---------- SOURCE MATERIAL

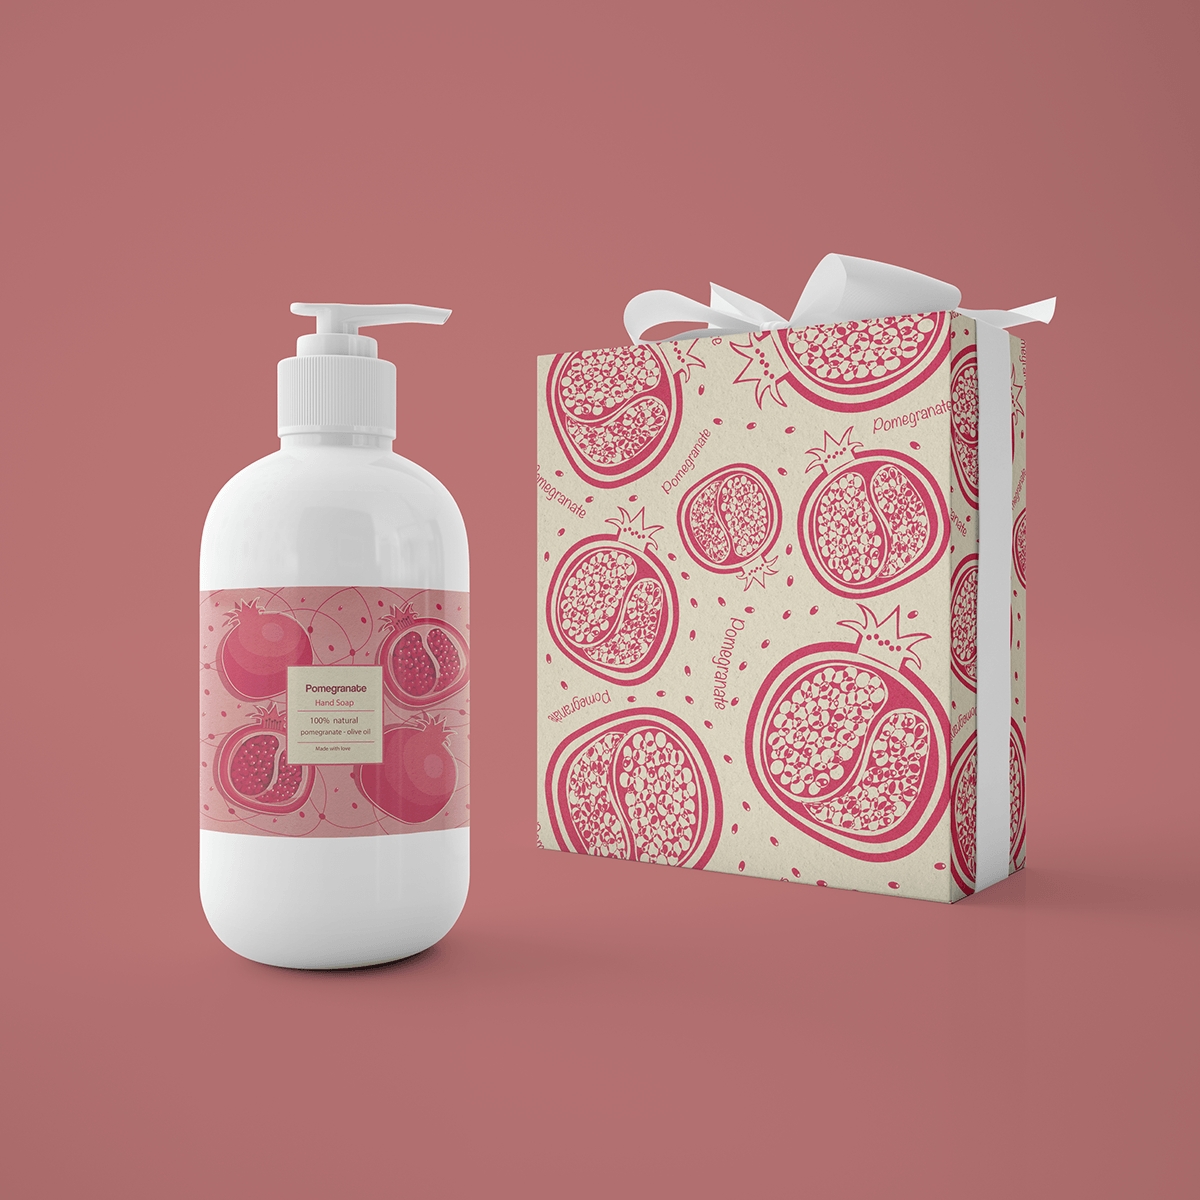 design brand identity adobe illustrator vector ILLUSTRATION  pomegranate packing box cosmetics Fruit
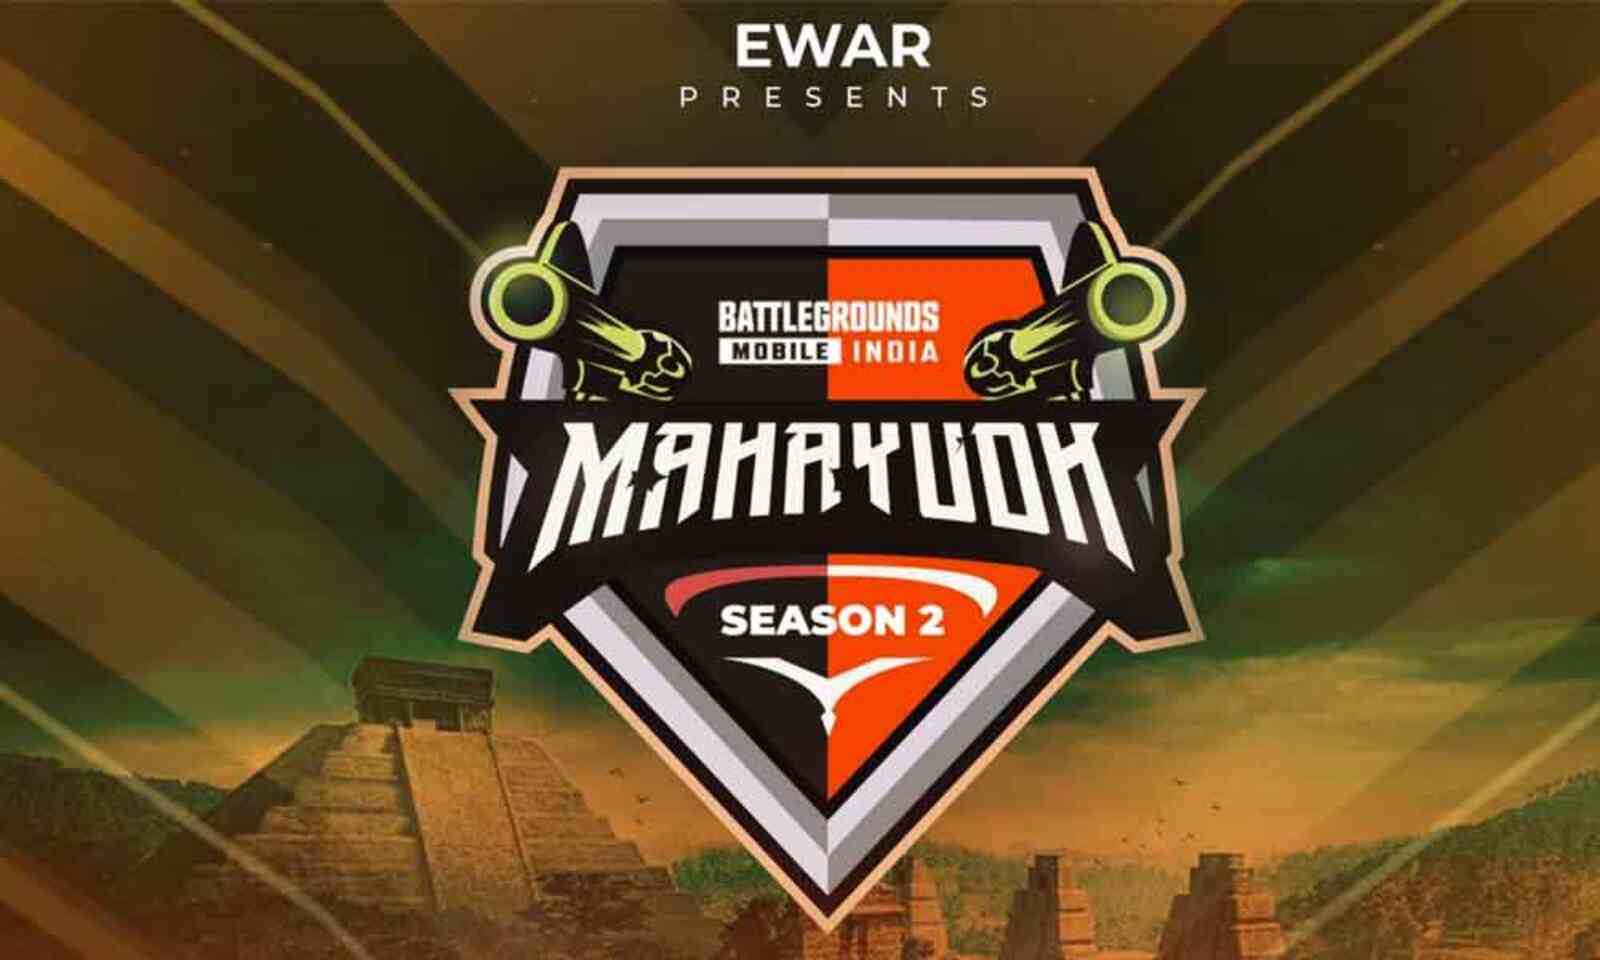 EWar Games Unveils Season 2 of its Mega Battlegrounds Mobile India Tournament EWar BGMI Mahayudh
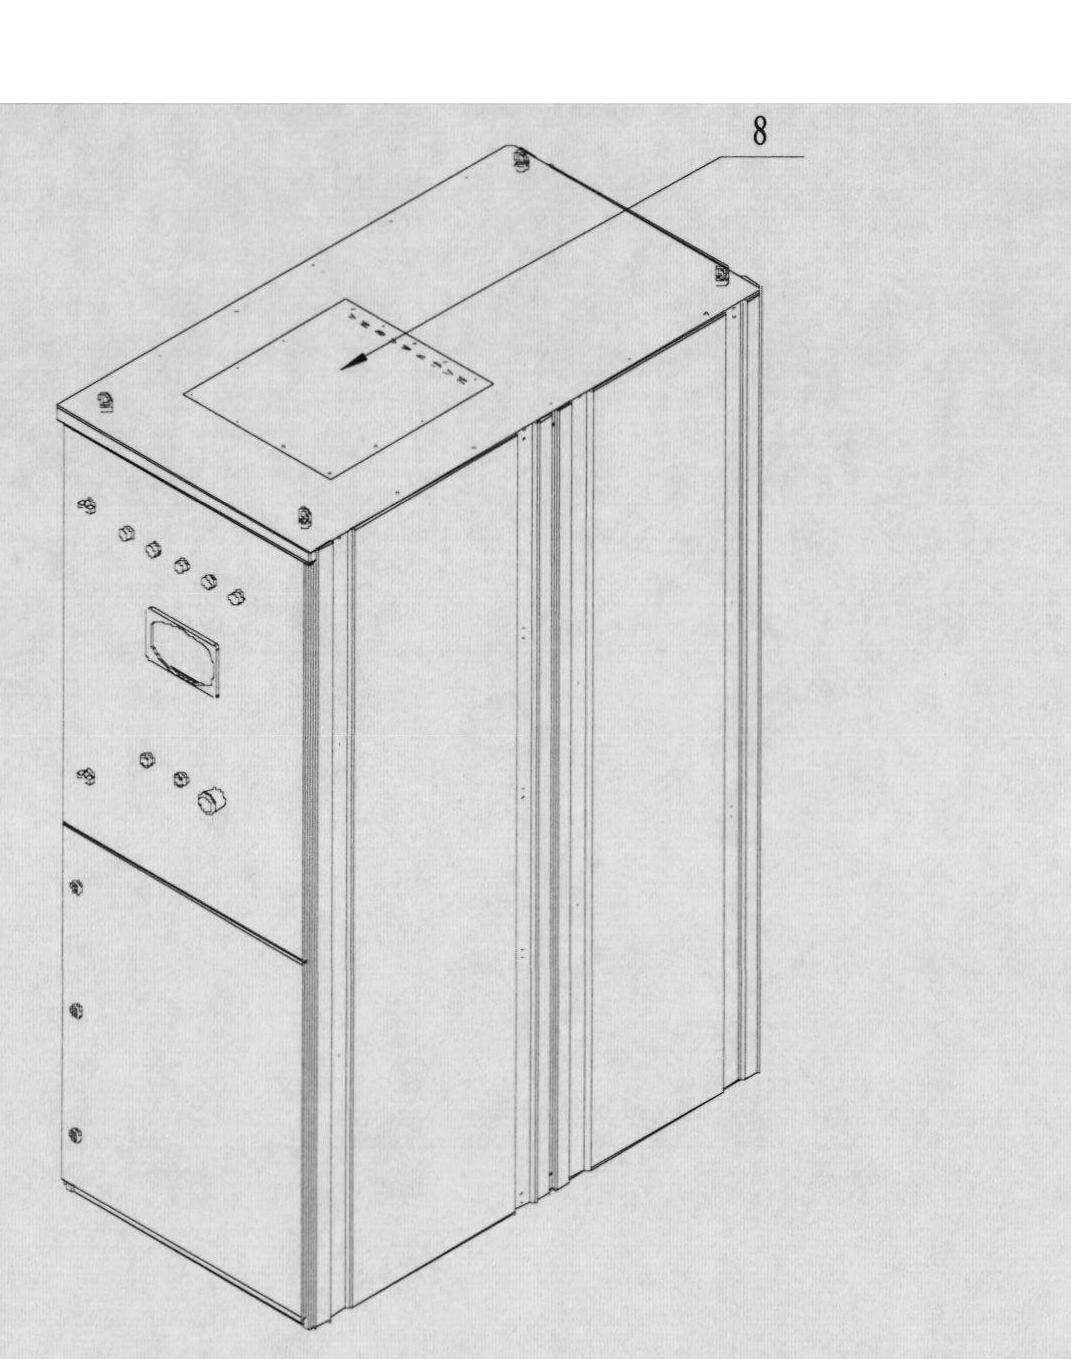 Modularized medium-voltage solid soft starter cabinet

--------------------

> **WHAT TO DO**: To complete the exercise, return the listing above exactly and omit its pictures.

> **ANSWER SPACE**:
 design brand identity adobe illustrator vector ILLUSTRATION  pomegranate packing box cosmetics Fruit
 EWar Games Unveils Season 2 of its Mega Battlegrounds Mobile India Tournament EWar BGMI Mahayudh
 Modularized medium-voltage solid soft starter cabinet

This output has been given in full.